**Material supplied**
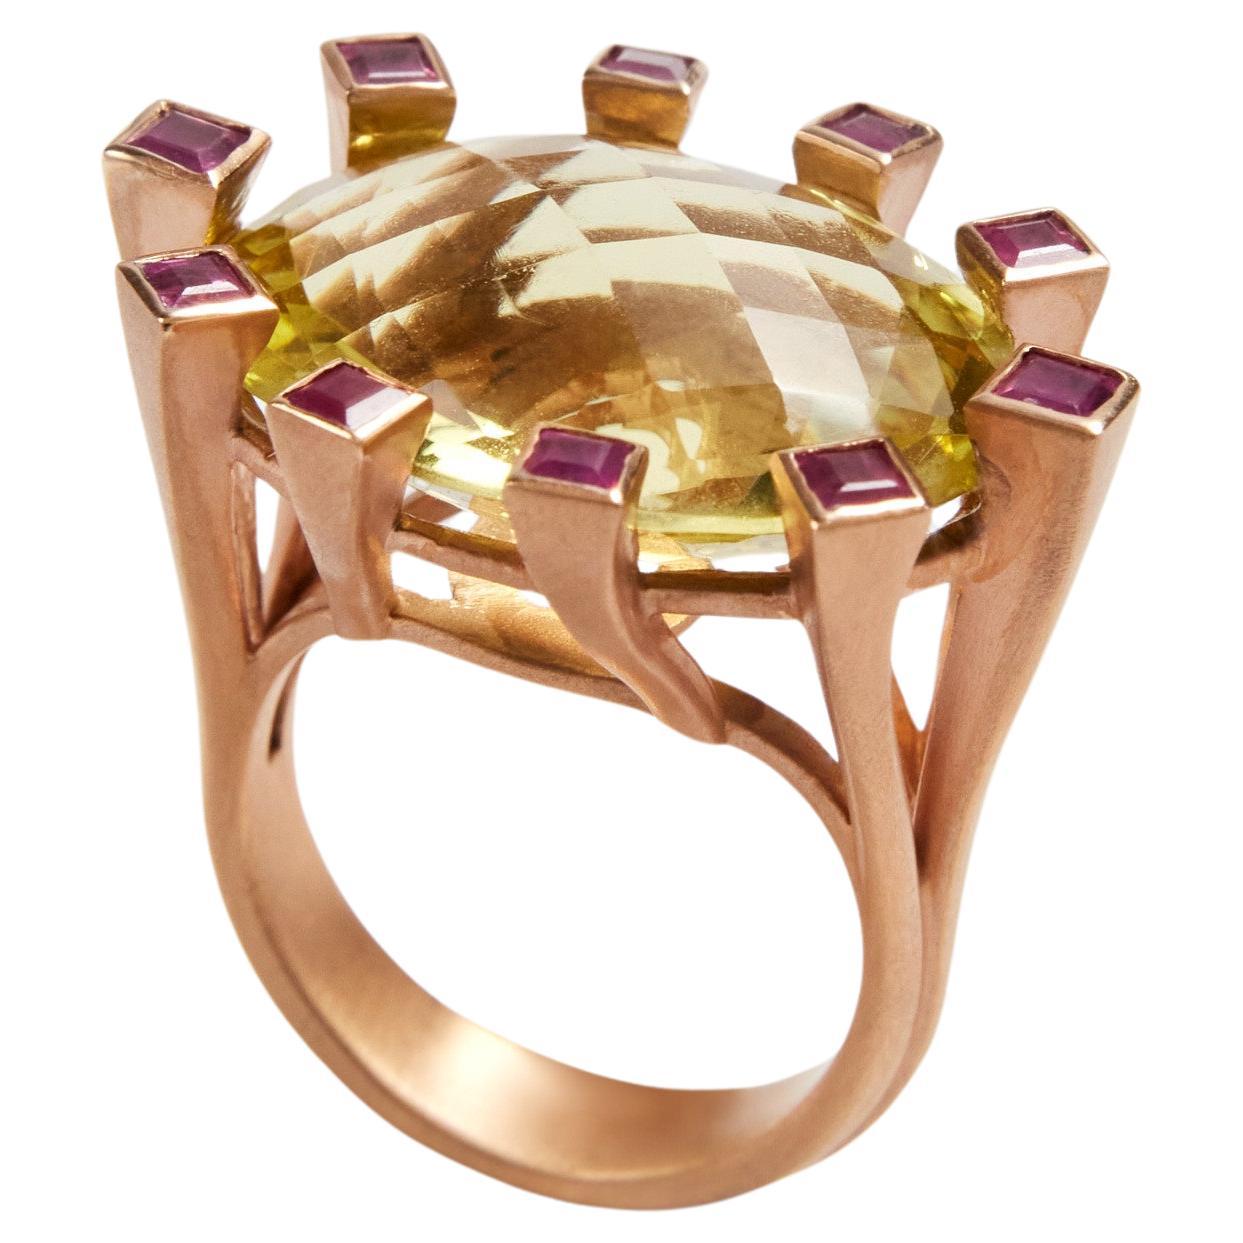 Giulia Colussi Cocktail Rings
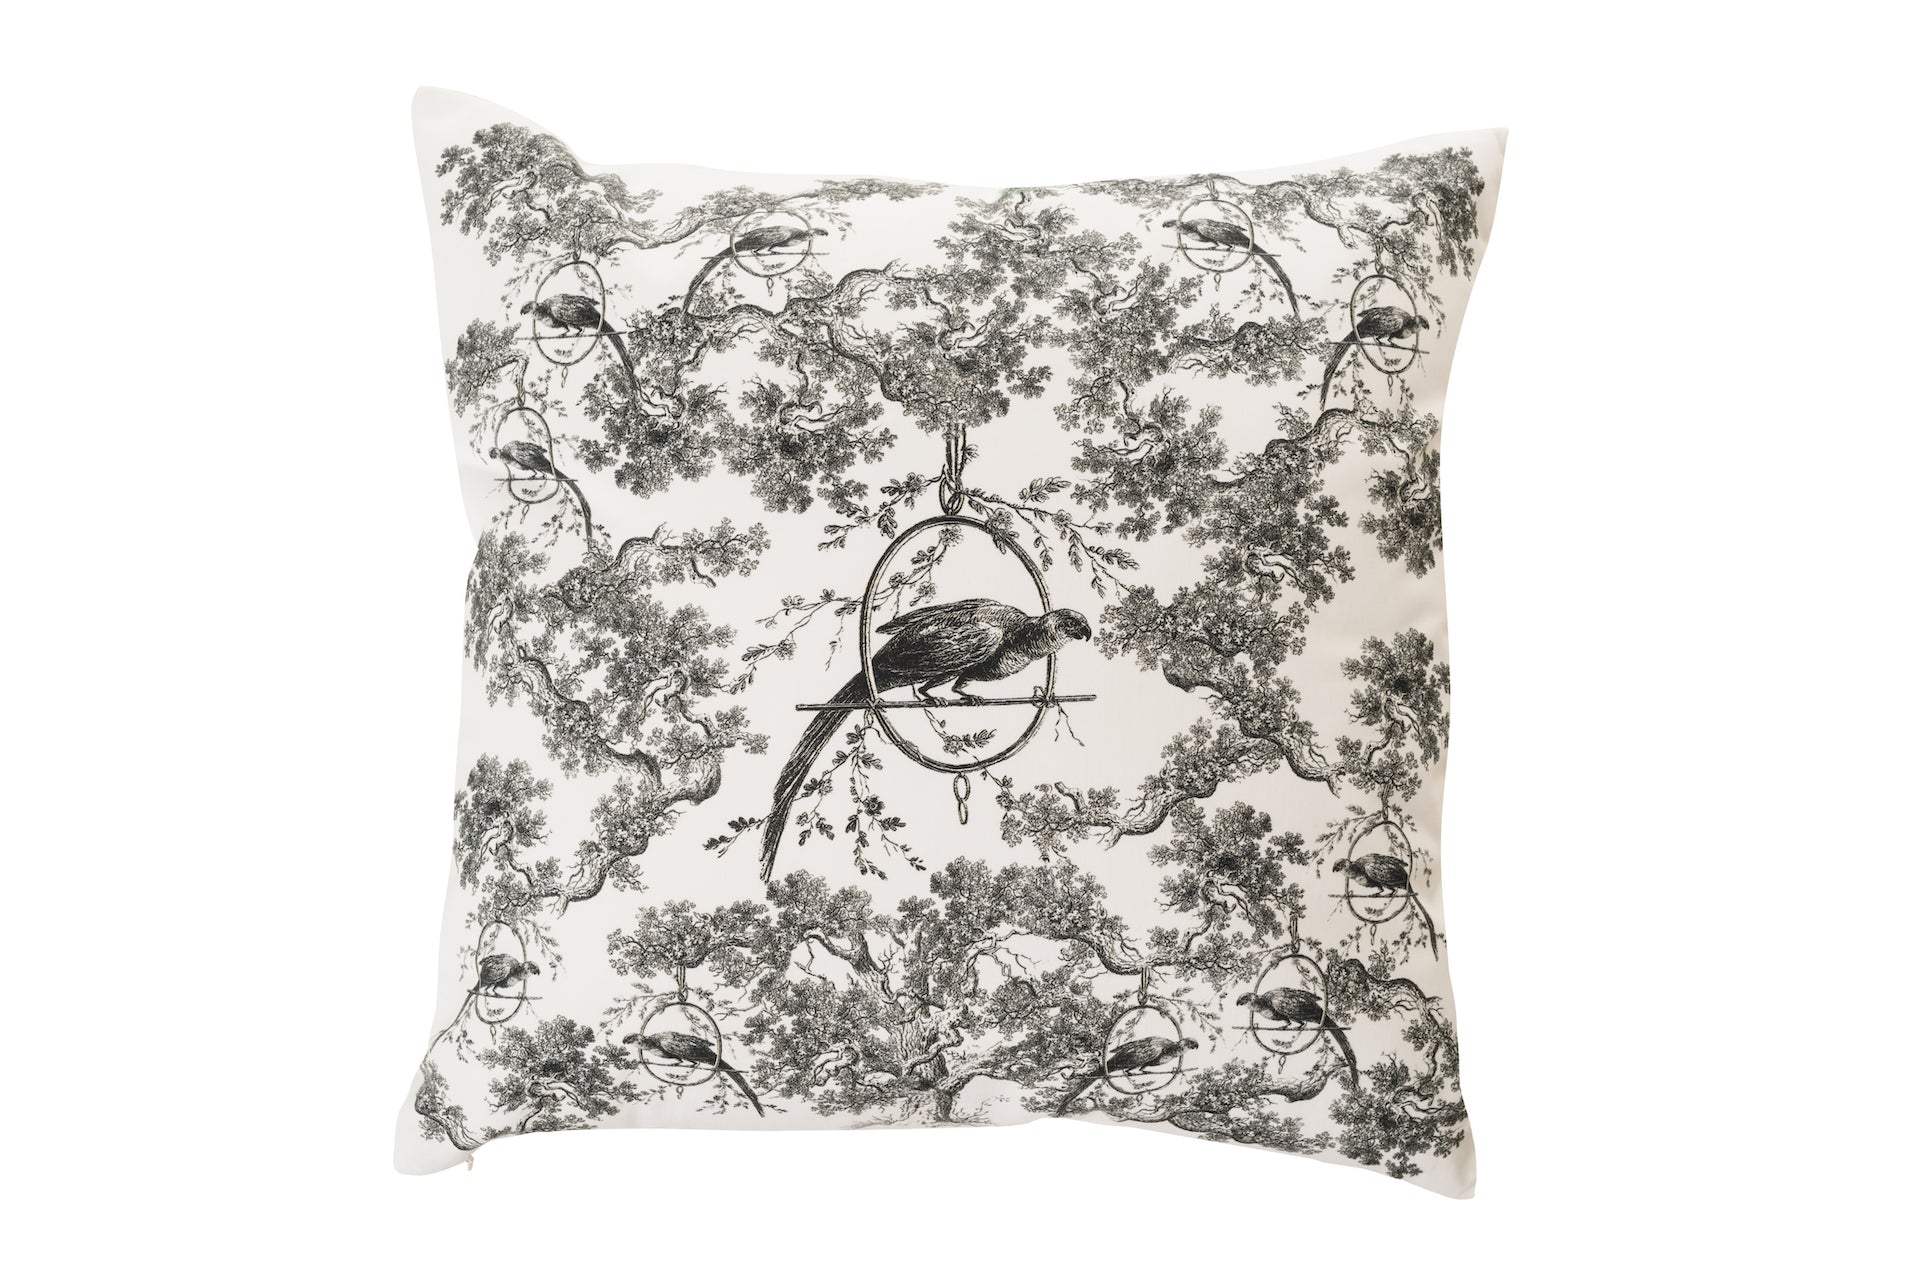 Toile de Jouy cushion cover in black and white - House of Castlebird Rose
...
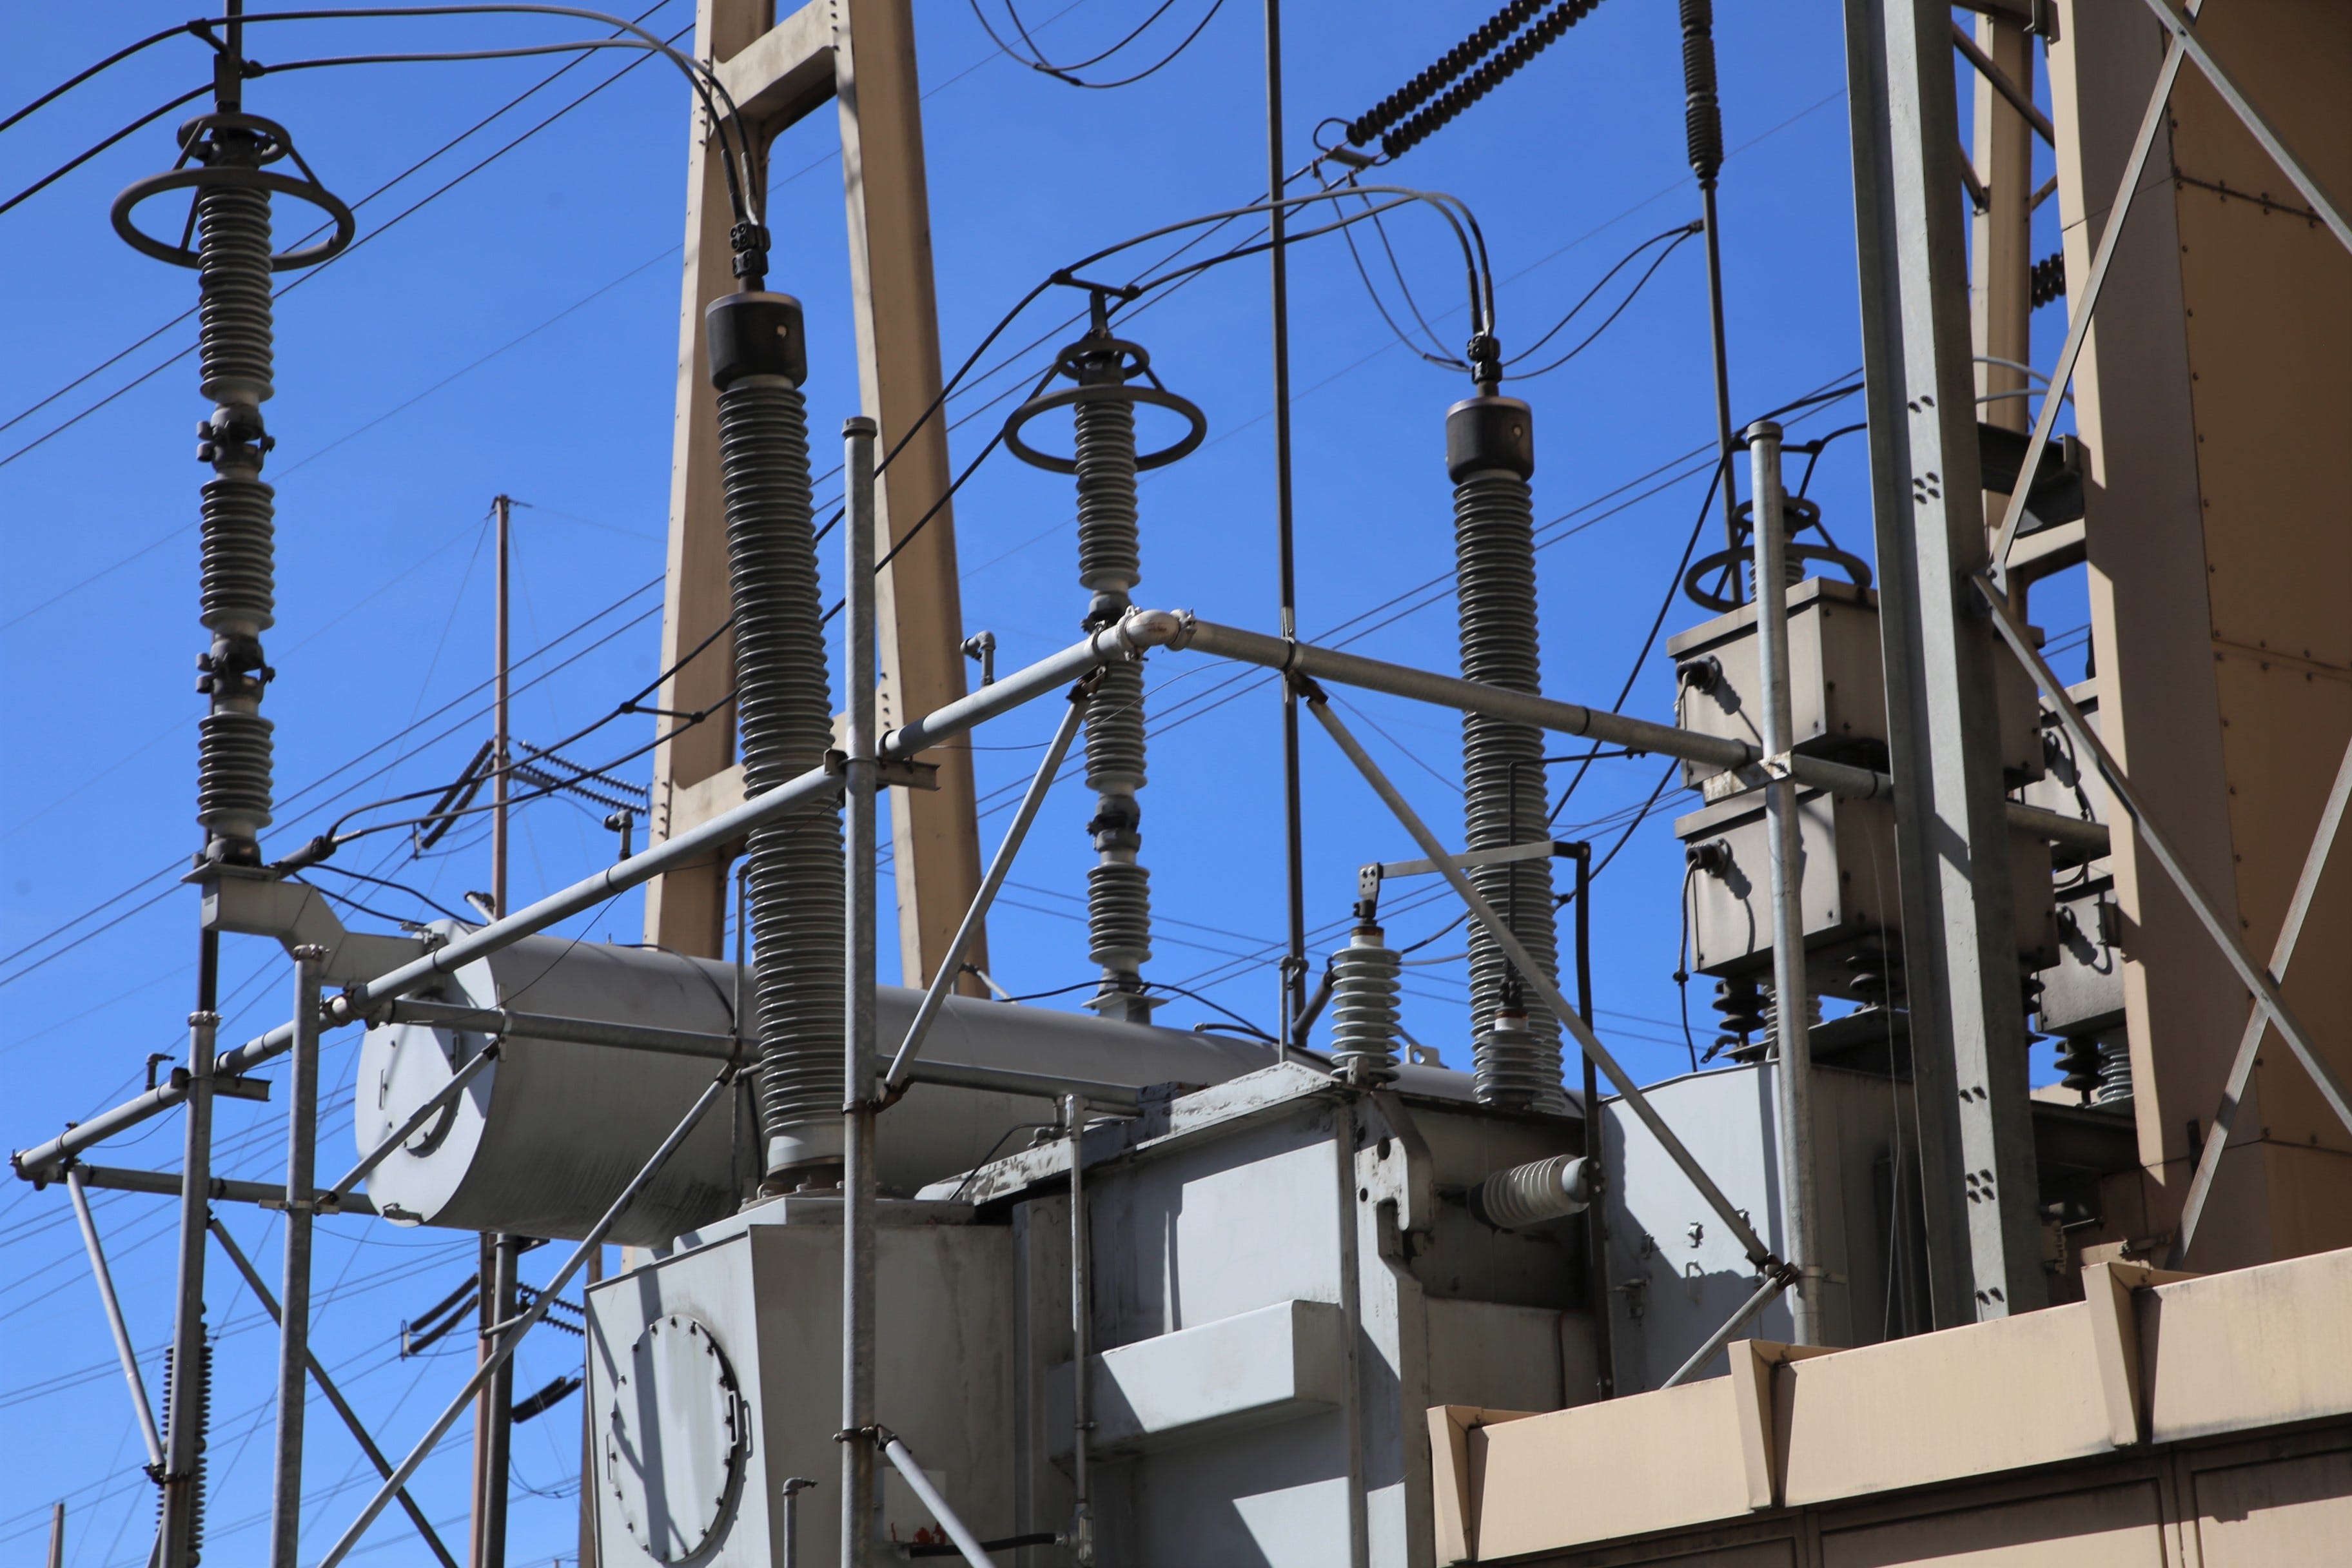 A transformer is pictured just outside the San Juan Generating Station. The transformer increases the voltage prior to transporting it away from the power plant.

**Work to complete**
From the material above, output only the span of lines that starts at the one containing "Giulia Colussi Cocktail Rings" and finishes at the one containing "Toile de Jouy", word for word and free of pictures.

**Answer area**
 Giulia Colussi Cocktail Rings
 Toile de Jouy cushion cover in black and white - House of Castlebird Rose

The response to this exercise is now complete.